最終形では、予報時間帯ごとにデータを使い分けます。

予報時間 中心となる情報 今回の無償構成での扱い
0~1時間 AMeDAS、レーダー、ナウキャスト 将来、レーダー移流予測を追加
1~6時間 レーダー、短時間予報、LFM相当 最初はGFS・ECMWFで基盤を作り、後から強化
7~24時間 数値予報 GFS、ECMWF、必要に応じてJMA GSM
25~72時間 数値予報と複数モデル比較 GFSとECMWFを中心にする

気象庁の降水短時間予報は、6時間先までは1km格子、7~15時間先は5km格子で提供されています。

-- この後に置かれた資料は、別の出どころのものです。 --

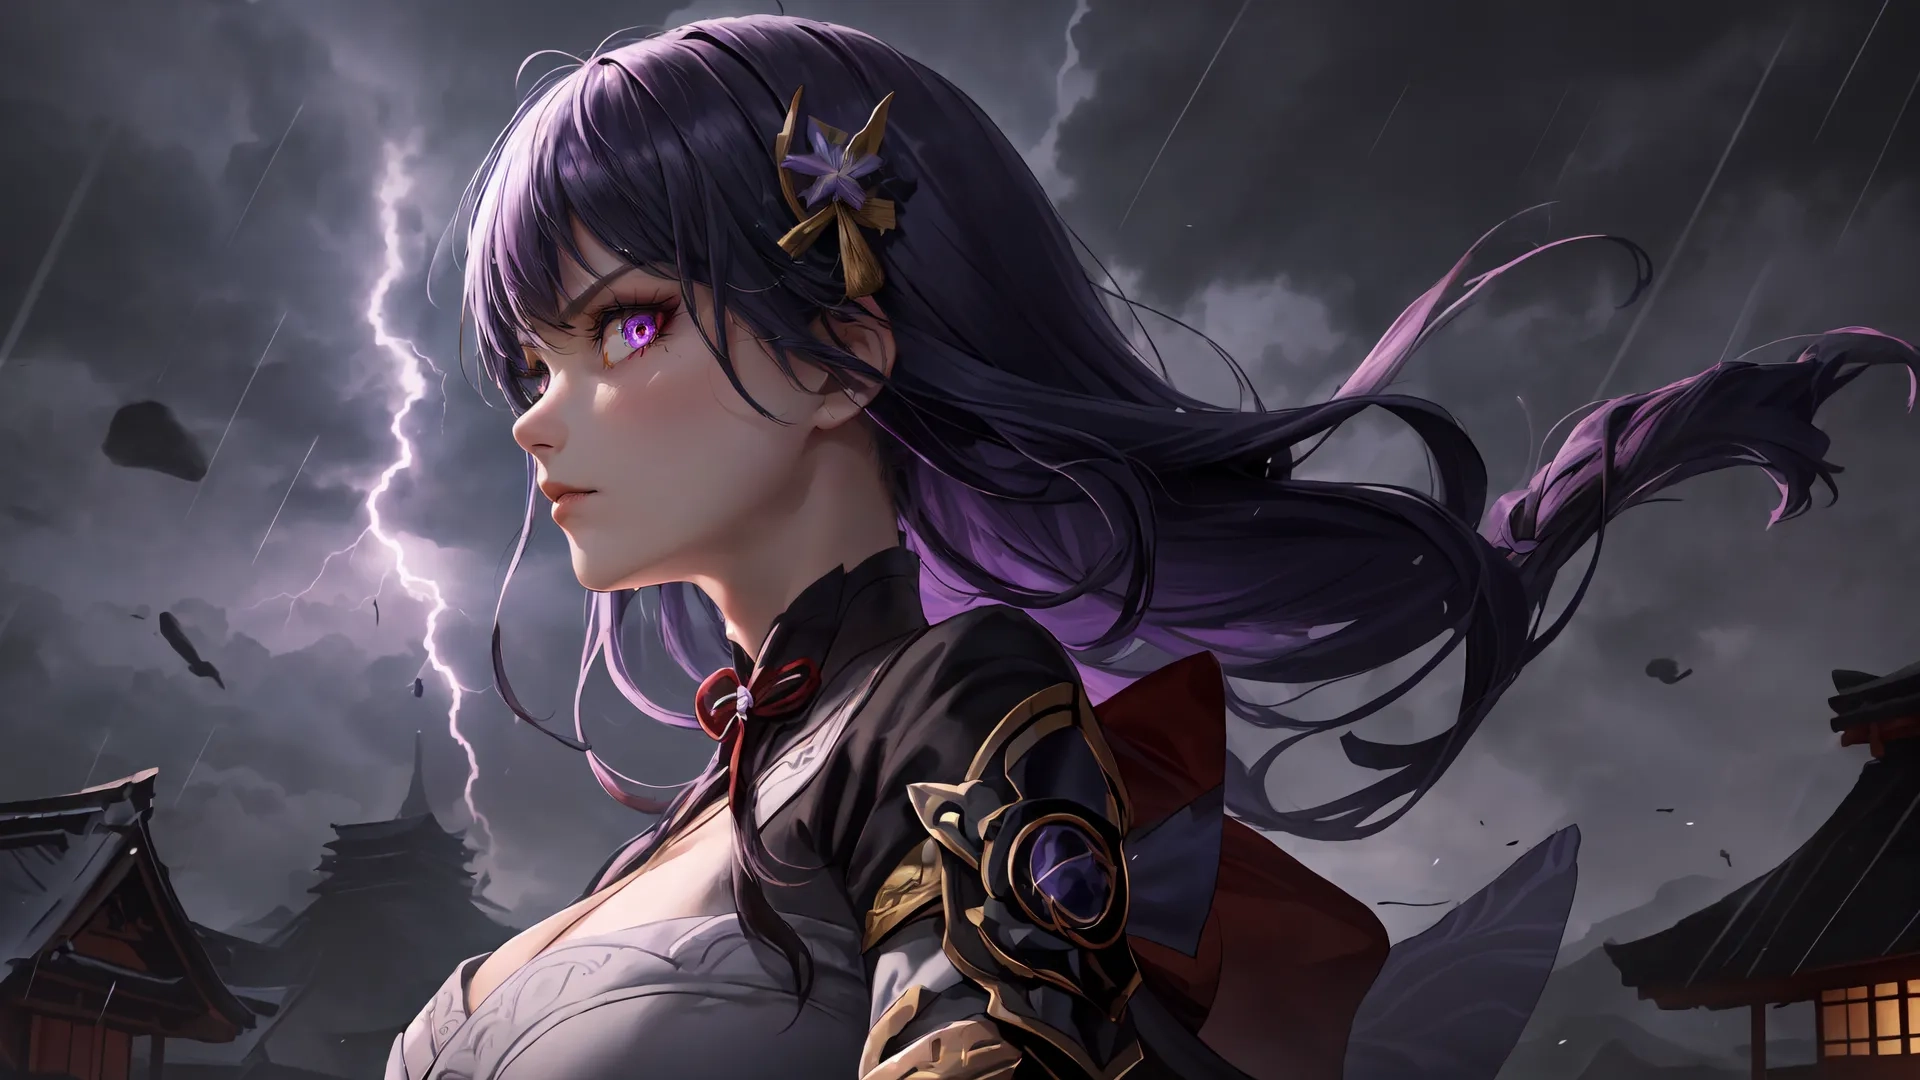 an anime has purple hair and is looking in the direction of a lightning storm on her shoulder she is wearing a gray top and purple shorts and has long

ただし、画面で見られることと、研究システムが raw data を安定して自動取得できることは別です。初回実装では、取得方法と利用条件が明確なGFS、ECMWF、AMeDASから始め、短時間予測用のデータは次の段階で加えます。


最初はGFSを基準予報にする

初回からLSTMやTransformerを作るより、まずGFSの予報雨量をそのまま評価します。

GFSを基準にする理由は、次のとおりです。

  • 72時間先までを1時間間隔でそろえやすい
  • 取得元とファイル構造が明確
  • 対象範囲と変数を指定してダウンロードできる
  • GRIB2処理を一通り確認できる
  • 実況到着後の誤差検証を自動化しやすい

最初に作る比較対象は、次の程度で十分です。

GFSそのまま
ECMWFそのまま
GFSとECMWFの単純平均

この基準結果を残した上で、京都大学生存圏研究所の過去MSMや過去GSMを使って、地域別・季節別・予報時間別の補正を追加します。

3時間値を単純に3等分しない

JMA High-Resolution GSMなど、3時間間隔の降水量を1時間雨量に変換する場合があります。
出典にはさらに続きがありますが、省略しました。